Imam Al-Ghazali mengatakan kebahagiaan ketika ia berhasil mencapai marifatullah atau mengenal Allah Swt. Sedangkan resep hidup bahagia yakni menemukan diri dan mengenal Allah.
BARISAN.CO – Kehidupan di dunia merupakan perjalanan menuju sang Illahi, menjalaninya dengan penuh ketundukan dan kepasrahan. Namun terkadang dalam menjalaninya penuh dengan persoalan sehingga menyebabkan kehilangan makna hidup. Ketika seseorang mulai kehilangan makna hidupnya, dipastikan ia juga kehilangan kebahagiaan.
Ketika sepercik bahagia saja hilang, bisa jadi ia tidak kehilangan pula pegangan hidupnya mau kemana dan hendak kemana dan untuk apa jalani hidup ini. Diperlukan ramuan khusus untuk menyelesaikan keresahan dan kehilangan makna hidup.

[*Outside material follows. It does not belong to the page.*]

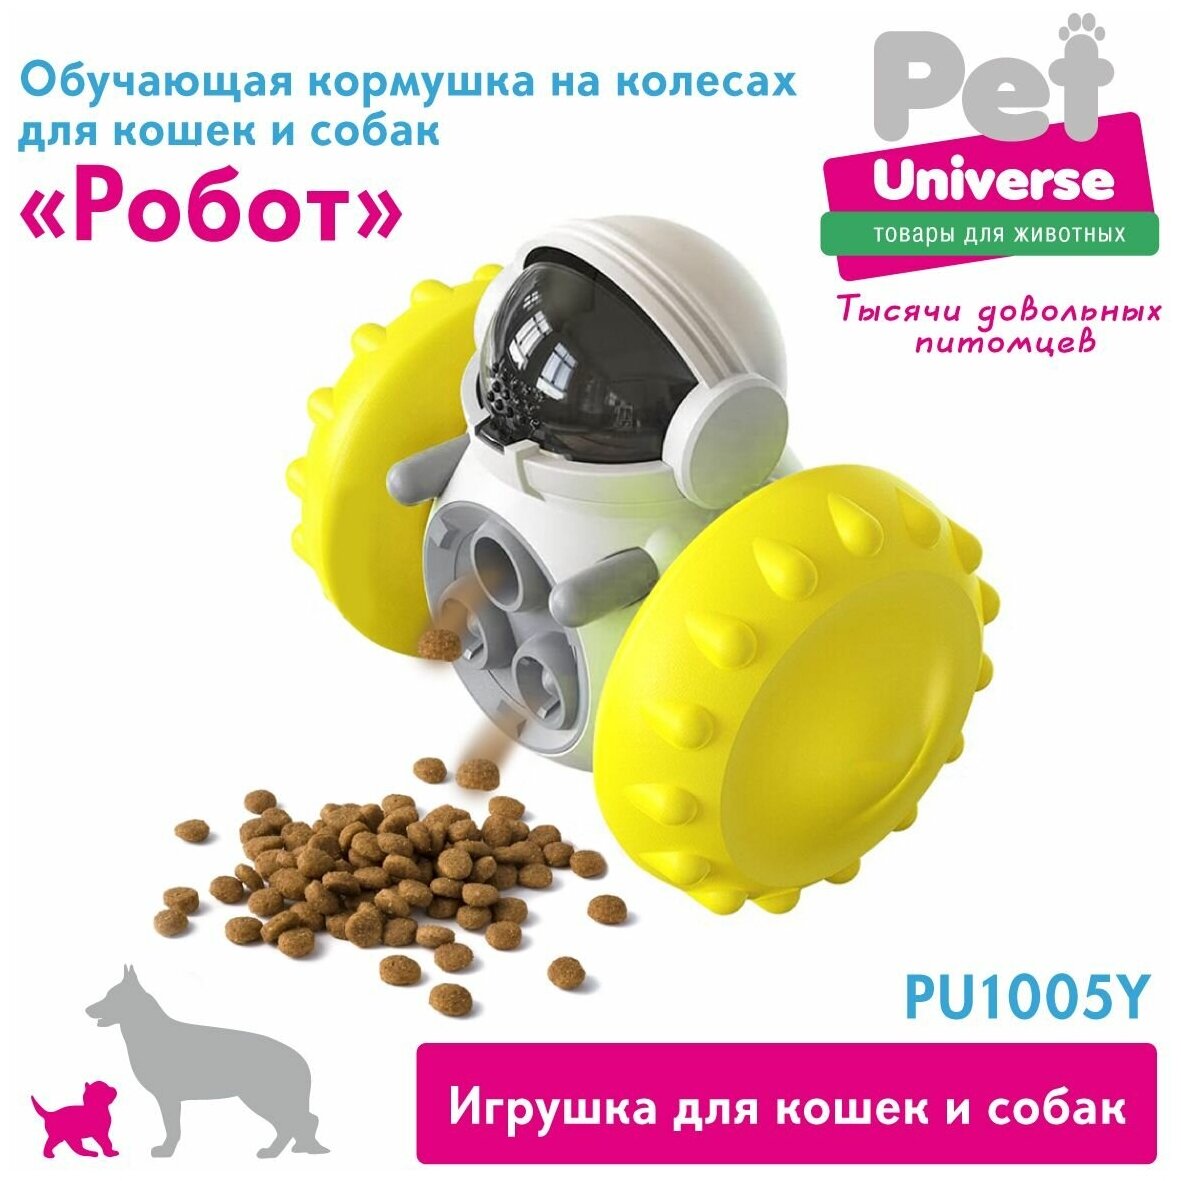 Развивающая игрушка игрушка для собак и кошек Робот на колесах Pet Universe. Головоломка дозатор для медленной еды и лакомств
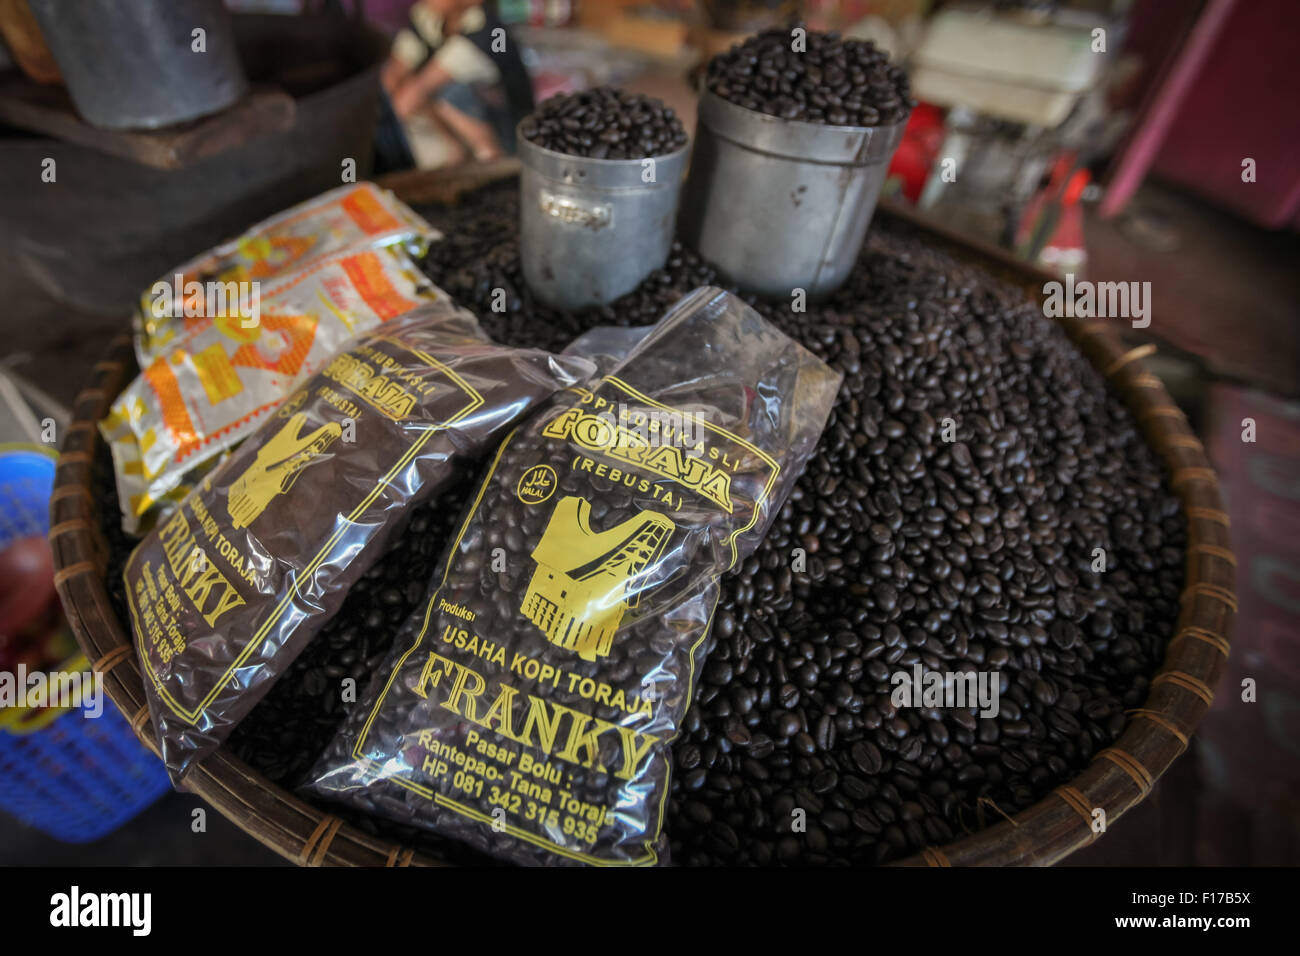 Spécimen de café arabica d'origine unique de Toraja qui est transformé, torréfié, étiqueté et commercialisé par une entreprise communautaire à Toraja, en Indonésie. Banque D'Images

Mulai menapaki pelan-pelan menuju hidup yang lebih bermakna, menjadi manusia yang bermanfaat baik untuk diri maupun orang lain. Ibnu Attaillah As-Sakandari dalam kitab Al-Hikan menyampaikan pentingnya membuka mata hati:
اجْتِهادُكَ فيما ضُمِنَ لَكَ وَتَقصيرُكَ فيما طُلِبَ مِنْكَ دَليلٌ عَلى انْطِماسِ البَصيرَةِ مِنْكَ
“Kesungguhamnu mengejar apa yang sudah dijamin untukmu (oleh Allah) dan kelalaianmu melaksanakan apa yang dibebankan kepadamu, itu merupakan tanda butanya bashirah (mata batin).”
The meaning of life atau makna hidup sangat penting bagi diri seseorang, sebab hal ini merupakan jalan menuju bahagia. Oleh karena itu menurut maqolah Kitab Al-Hikam hendaknya seseorang membuka mata hati yakni membuka kesadaran ruang spiritual yang telah tertutup oleh hidup duniawi.
Jika seseorang mulai menapaki ketundukan terhadap Allah melalui ruang spiritual, kiranya makna hidup mulai terbuka. Betapa berarti dan berharganya mencari makna hidup tentang diri sendiri yang berkait erat dengan tujuan hidup yakni kehidupan yang bahagia.
Resep Hidup Bahagia Imam Al-Ghazali
Setelah menapaki kesadaran ruang spiritual untuk membuka makna hidup, selanjutnya menemukan resep hidup bahagia. Menurut Imam Al-Ghazali kebahagiaan adalah ketika bahagia dan kelezatan yang sejati yakni bilamana dapat mengingat Allah Swt.
Sedangkan bahagia menurut salah satu firman Allah Swt:
يَوْمَ يَأْتِ لَا تَكَلَّمُ نَفْسٌ إِلَّا بِإِذْنِهِ فَمِنْهُمْ شَقِيٌّ وَسَعِيْدٌ
“Dikala datang hari itu, tidak ada seorang pun yang berbicara, melainkan dengan izin-Nya; maka di antara mereka ada yang celaka dan ada yang berbahagia.” (QS. Al-Hud: 105)
Pengertian bahagia ini menunjukkan bahwa kebahagiaan adalah soal bagaimana kondisi hati menerima dengan penuh keyakinan. Misalnya, seseorang ditimpa sakit ia mampu mempertahankan keimanannya meskipun dalam kondisi sakit. Bahwa rasa sakit adalah anugerah Allah Swt kepada setiap hambanya.
Sedangkan dalam pandangan Imam Al-Ghazali kebahagiaan seorang hamba adalah ia berhasil mencapai marifatullah atau mengenal Allah Swt. Imam Al-Ghazali memandang bahwa kebahagiaan tiap-tiap sesuatu ialah bila rasa nikmat atau kesenangan dan kelezatannya dan kelezatan itu adalah menurut tabiat kejadian masing-masing.
Jadi kelezatan ini adalah menyaksikan suatu obyek yang indah, kenikmatan yang dapat didengar dan yang merujuk pada kekuatan indra manusia.